▽
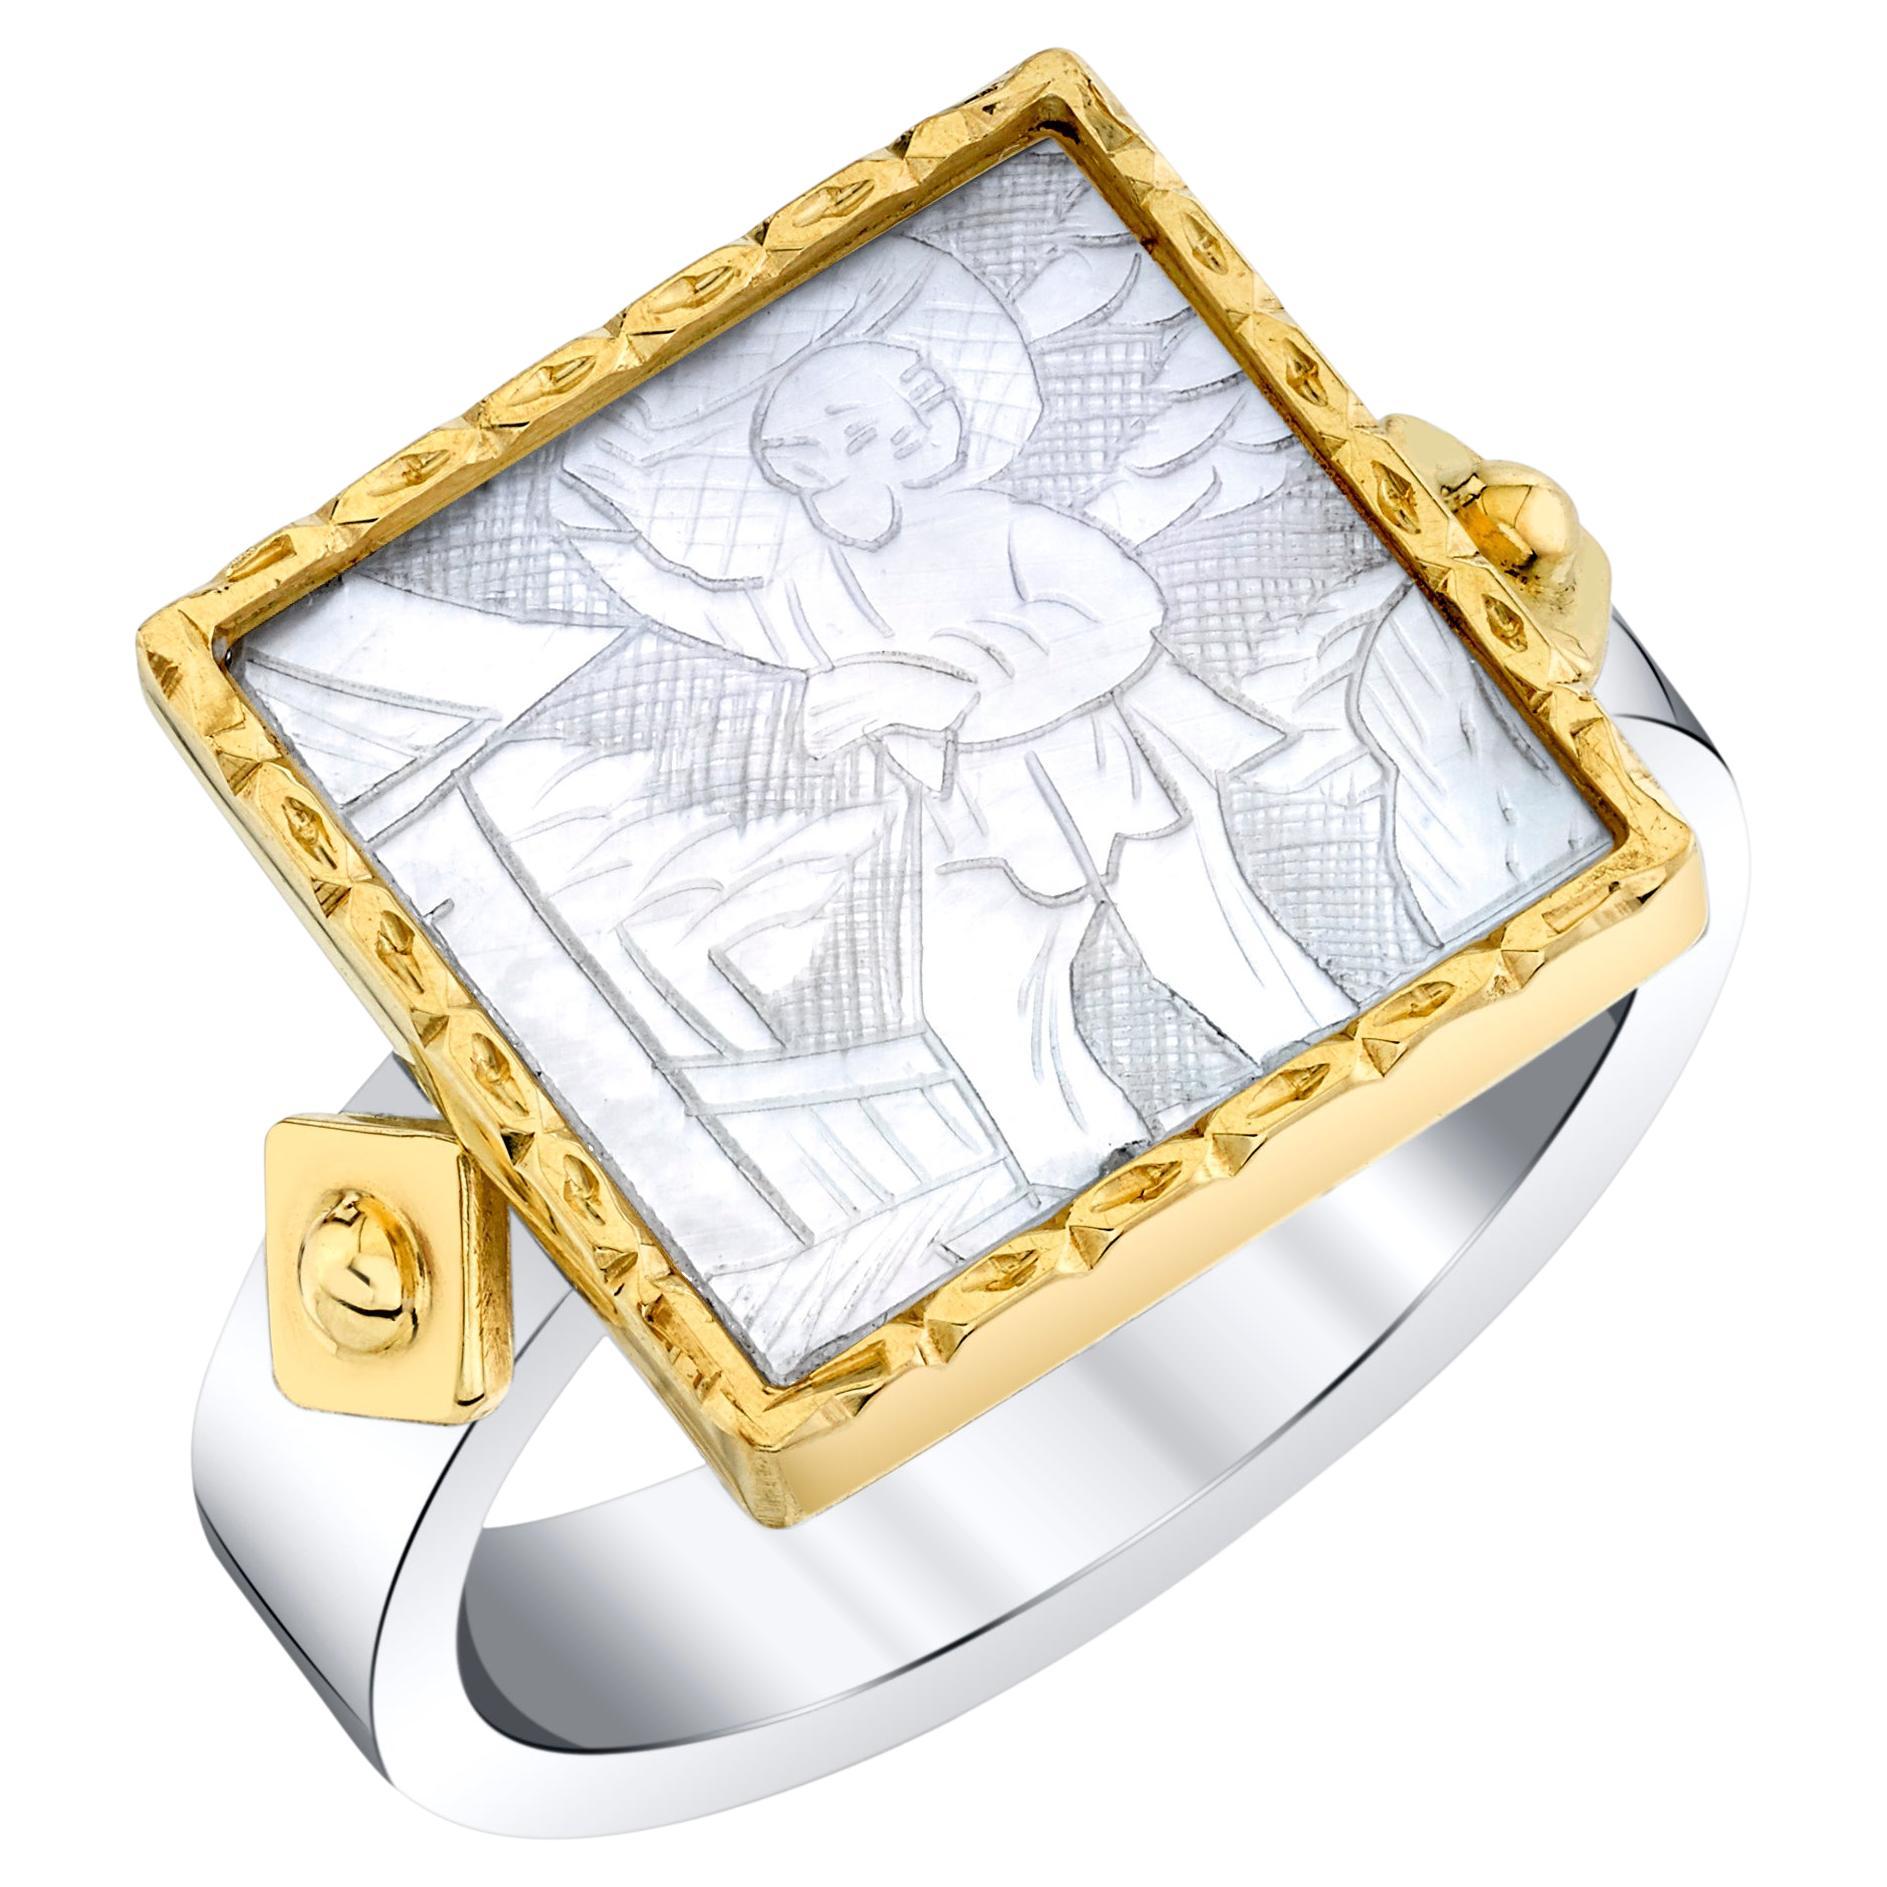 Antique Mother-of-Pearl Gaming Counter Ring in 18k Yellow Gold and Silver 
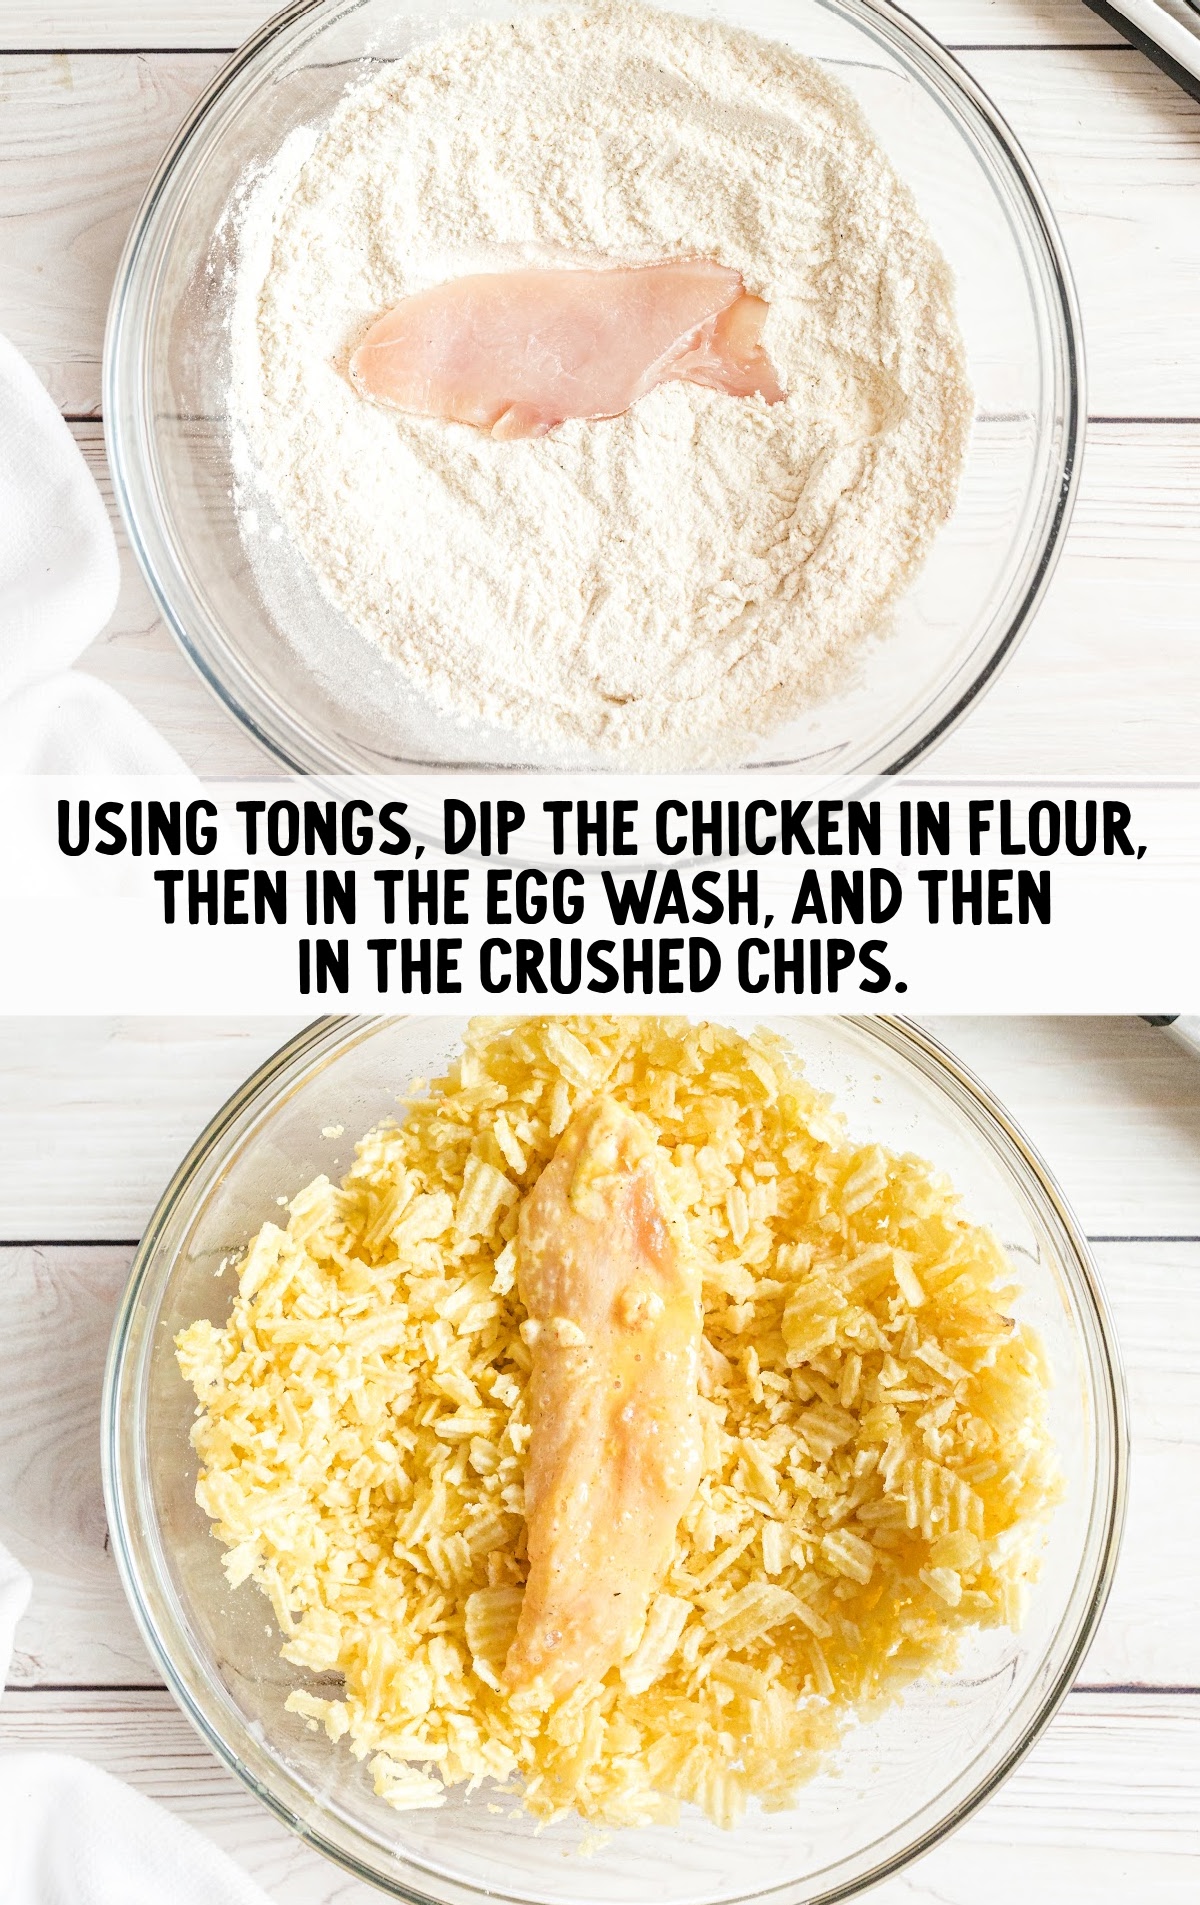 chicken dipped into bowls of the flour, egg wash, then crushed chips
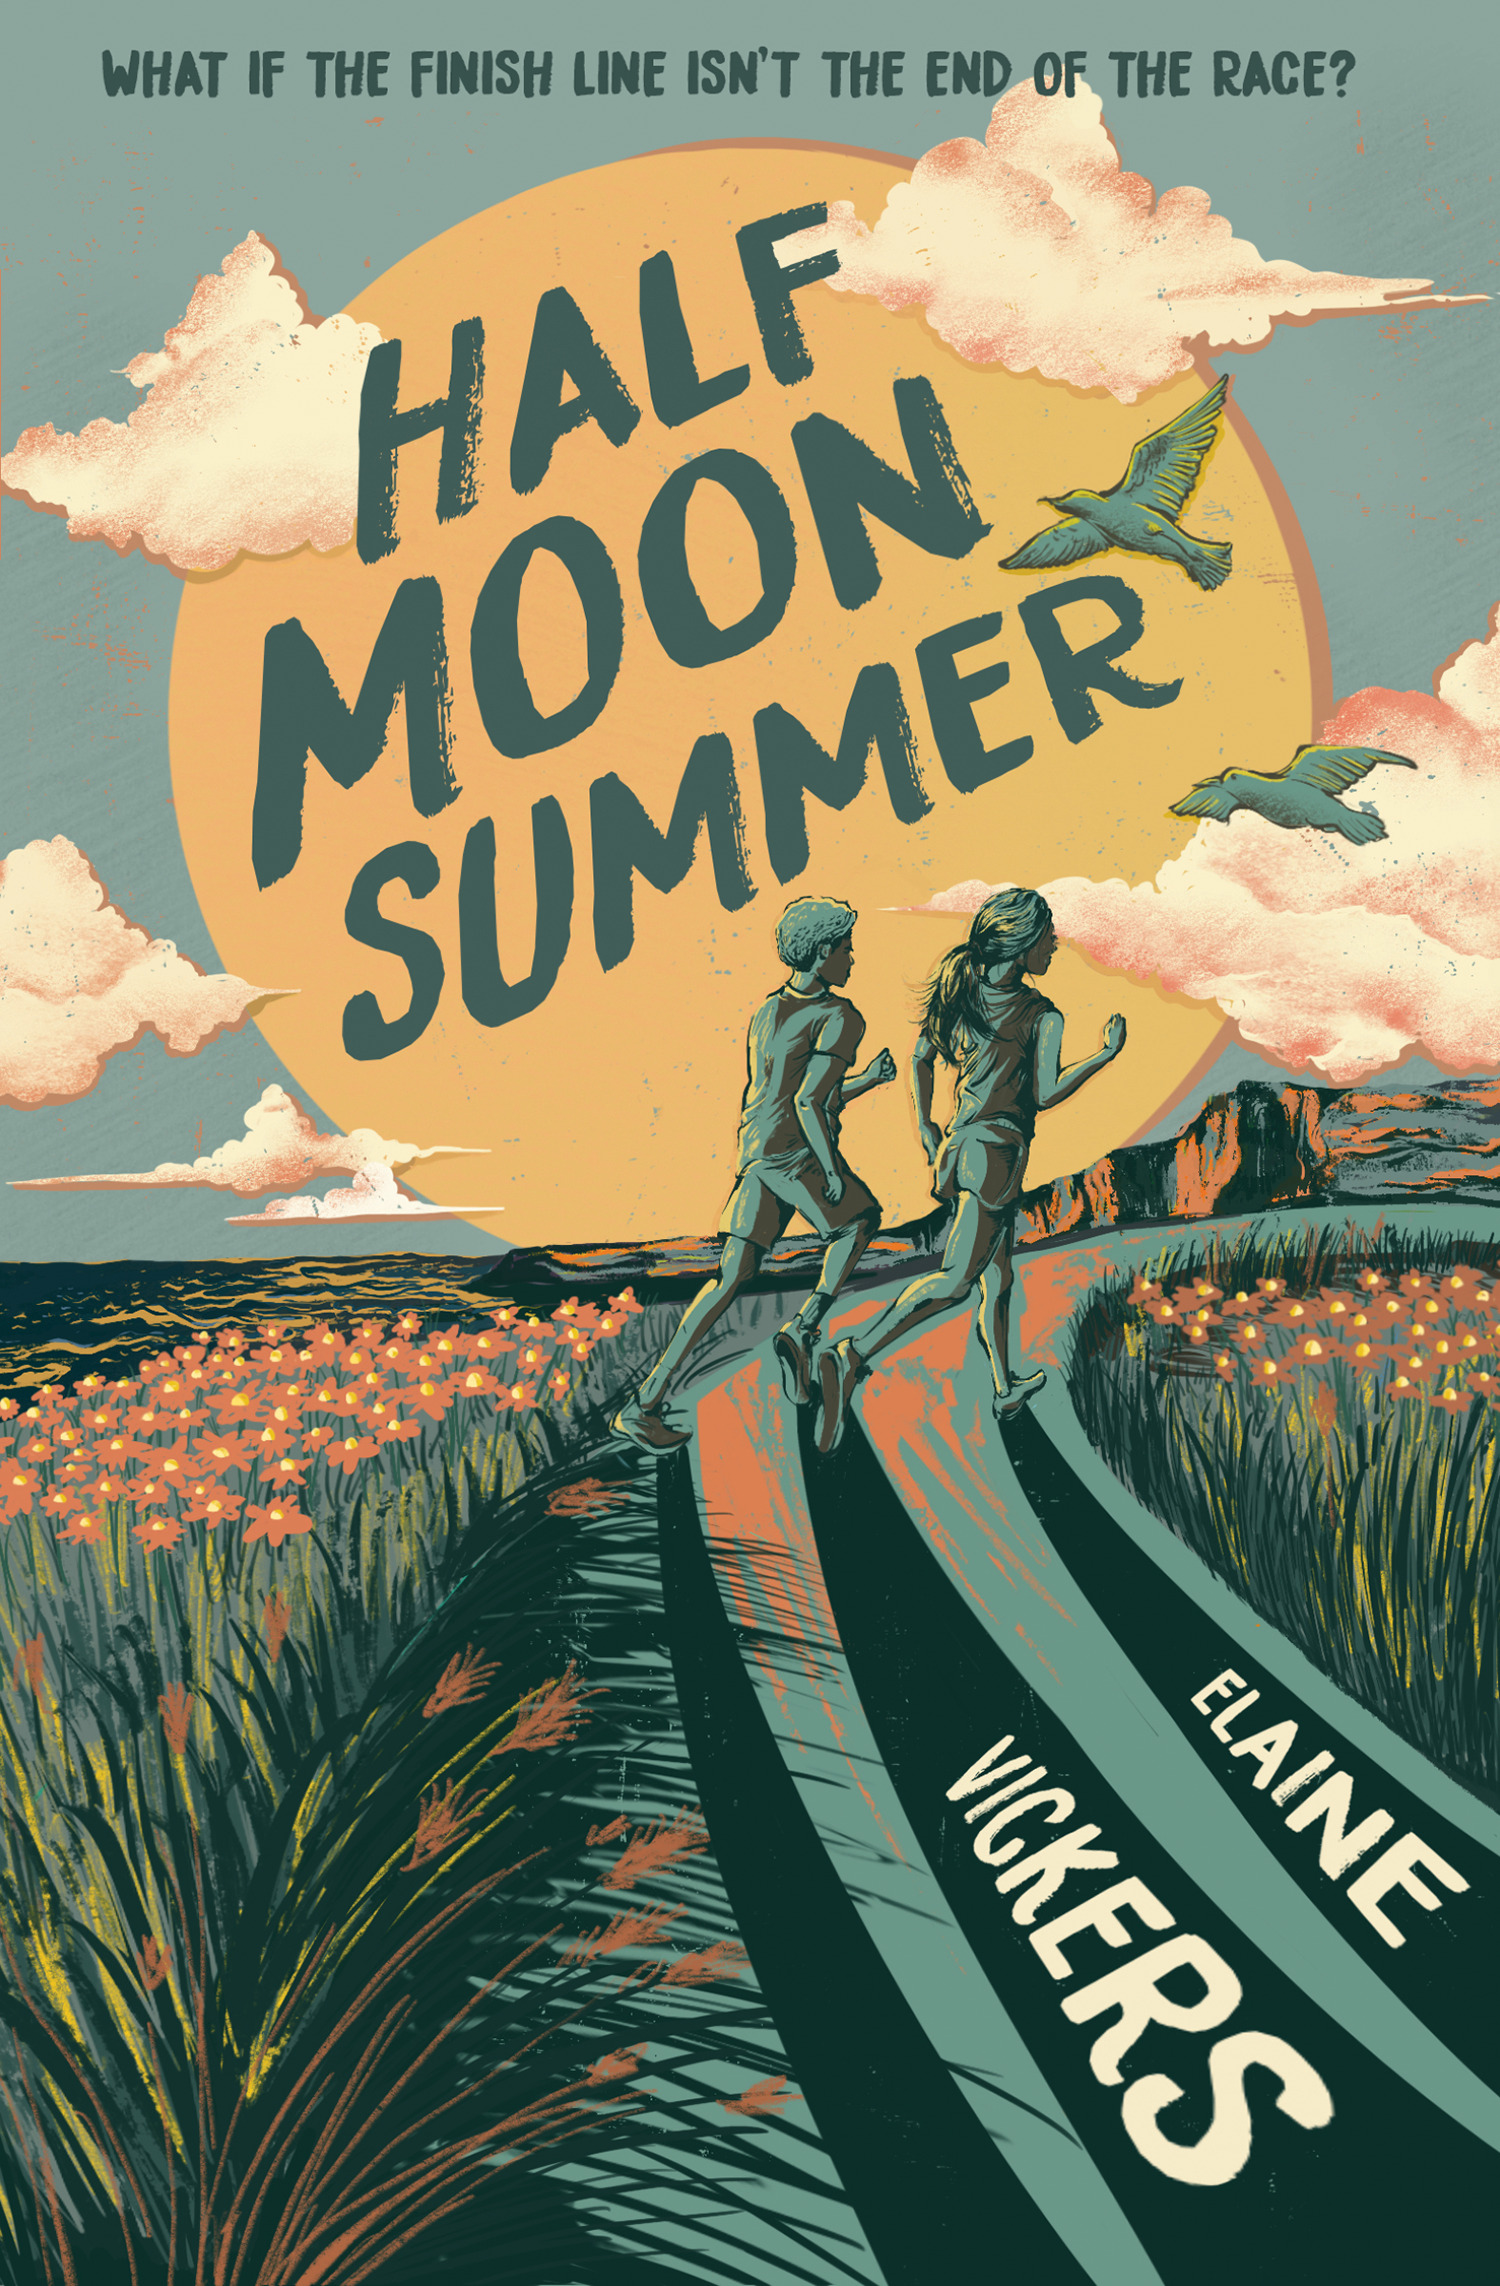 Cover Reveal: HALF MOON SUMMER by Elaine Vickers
△
EXERCISE PROMPT —
Set down word for word, from the line that contains "chicken dipped into" to the end of the listing above, every line and no picture.

REPLY TO THE EXERCISE —
 chicken dipped into bowls of the flour, egg wash, then crushed chips
 Cover Reveal: HALF MOON SUMMER by Elaine Vickers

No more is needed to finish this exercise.